SHA Secure Hash Algorithm

List of figures

Abbildung 1: Veränderung des Transaktionsmodells durch die Blockchain

Abbildung 2: Der Lawineneffekt

Abbildung 3: Blockchain mit temporären Abzweigungen

1 Introduction

1.1 Background and relevance of the blockchain

"The one thing that's missing, but that will soon be developed, is a reliable e-cash, a method whereby on the Internet you can transfer funds from A to B, without A knowing B or B knowing A"1 Milton Friedman, the American economist, predicted the introduction of virtual cryptocurrencies as early as 1999. Under the pseudonym Satoshi Nakamoto, today's best-known digital currency "Bitcoin" BTC was presented in 2008. For a long time, however, little attention was paid to this digital currency. It was only through an exponential increase in the exchange rate in 2013 that Bitcoin became more and more the focus of various economic actors and was increasingly perceived as an investment investment.

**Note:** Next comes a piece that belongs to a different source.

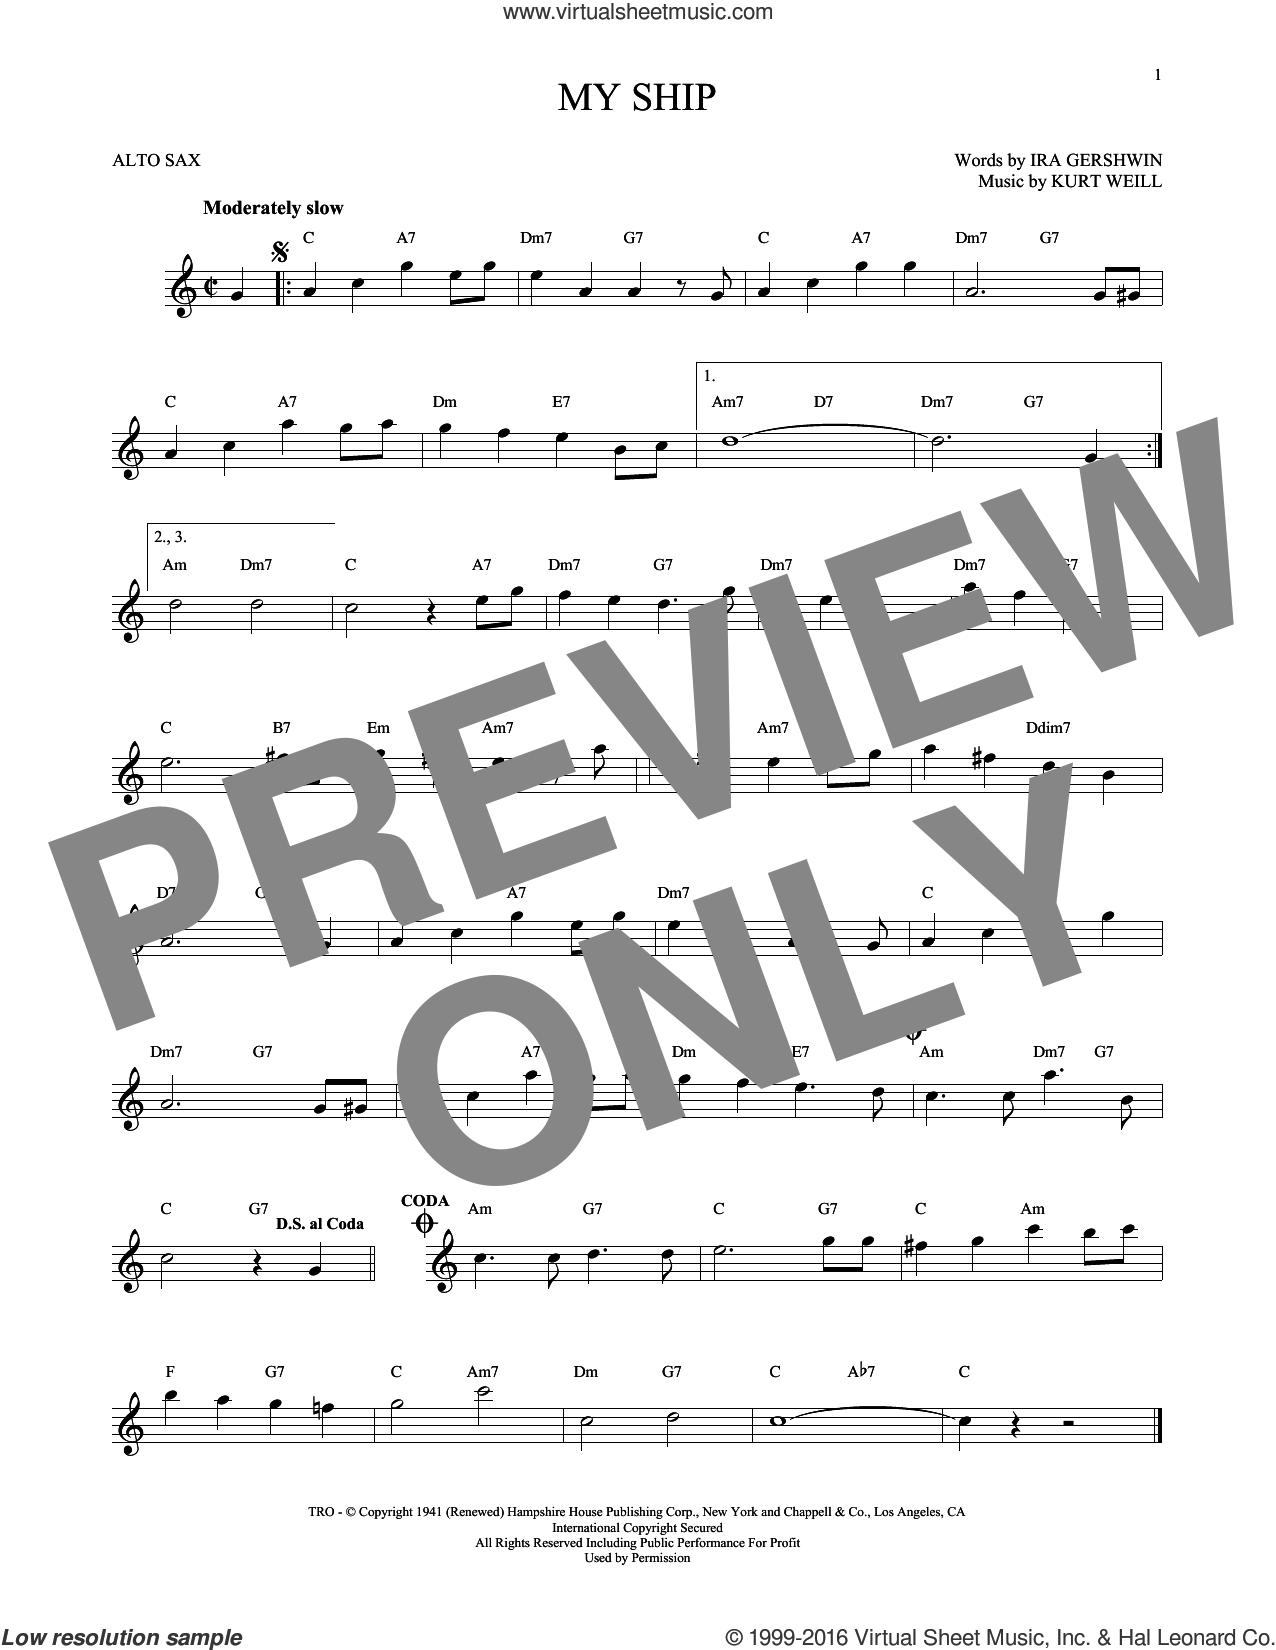 My Ship sheet music for alto saxophone solo by Ira Gershwin and Kurt Weill, intermediate skill level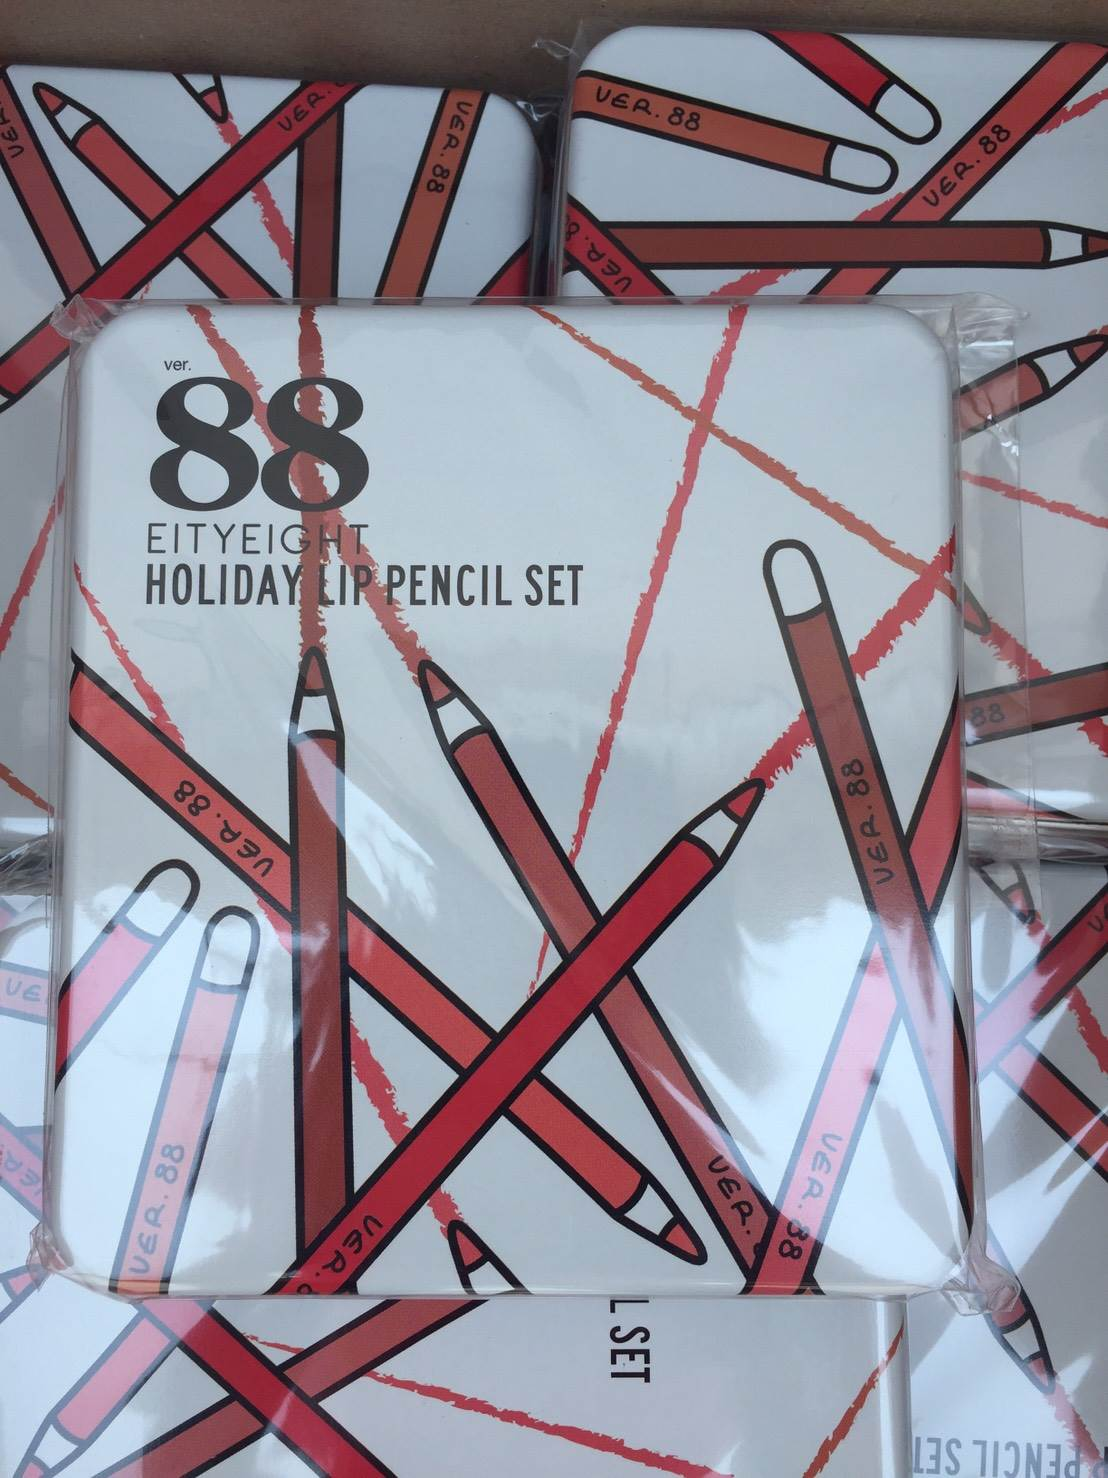 Ver88 Holiday Lip Pencil Set Happy Angel Shop Eighty Eight

The underlying technology of Bitcoin is the blockchain. It is the technical realization of a distributed database in which the integrity of the contained data is ensured by cryptographic procedures. This type of database was developed in various theoretical papers in the 1990s and finally described in general by Stefan Konst.2

As a decentralized database, the blockchain allows a transfer of values, rights or property without the intermediary of an intermediary. Not least because of the disruptive potential for the classic financial transaction sector attributed to it, it is becoming increasingly important. However, the possible applications go far beyond the application of crypto currencies. Especially after the massive surveillance by the secret services became known, many network activists are increasingly calling for a decentralized solution for the management of sensitive data of all kinds.3

1.2 Procedure

The present work takes on the task of providing an overview of the essential possibilities and limits of the blockchain and, on this basis, evaluating the disruptive potential that can be attributed to the technology in the financial sector. In order to achieve this goal, conceptual and theoretical foundations are first described. The functionality of the blockchain is explained using the example of Bitcoins in order to be able to discuss the potential fields of application and their importance for the financial sector in the following. Finally, core statements are to be encoded.

2 Blockchain technology

2.1 Blockchain at a glance

In public discussions, the terms blockchain and distributed ledger technology (DLT) are often used interchangeably. DLT is a distributed data structure in which all participants act together to reach a consensus on the validity of the shared data. The DLT uses a peer-to-peer (P2P) network to distribute the data and a consensus mechanism to ensure the integrity of the data held by all peers The blockchain represents the best-known possible realization of DLT. However, not every distributed ledger uses a blockchain.4

Put simply, the blockchain is a decentralized network of databases for the exchange and distributed storage of information, in which the records are divided into blocks (Block) packed and in a chain (Chain) can be organised. Cryptographic signature ensures that new blocks can only be added at the end of the chain, but cannot be inserted or removed from within the chain. The resulting chain is applied to all participants (Nodes) of the network and stored redundantly. Decentralization is intended to prevent manipulation of the system. Another effect of decentralisation is that no intermediary authority, a so-called intermediary, is required for the transmission of information between two actors A and B (see Fig. 1). For this reason, when using cryptocurrencies, no bank is required that represents the intermediary in classic financial transactions. Basically, however, any kind of digital property right can be transferred in a distributed database. The application possibility of blockchain technology is thus not limited to the function of a financial transaction book, but goes far beyond this area of application.5

Abbildung in dieser Leseprobe nicht enthalten

Figure Changing the transaction model through the blockchain

Source: Kastrati, G., Weissbart, C., Brief on the climate: Blockchain, 2016, p. 74.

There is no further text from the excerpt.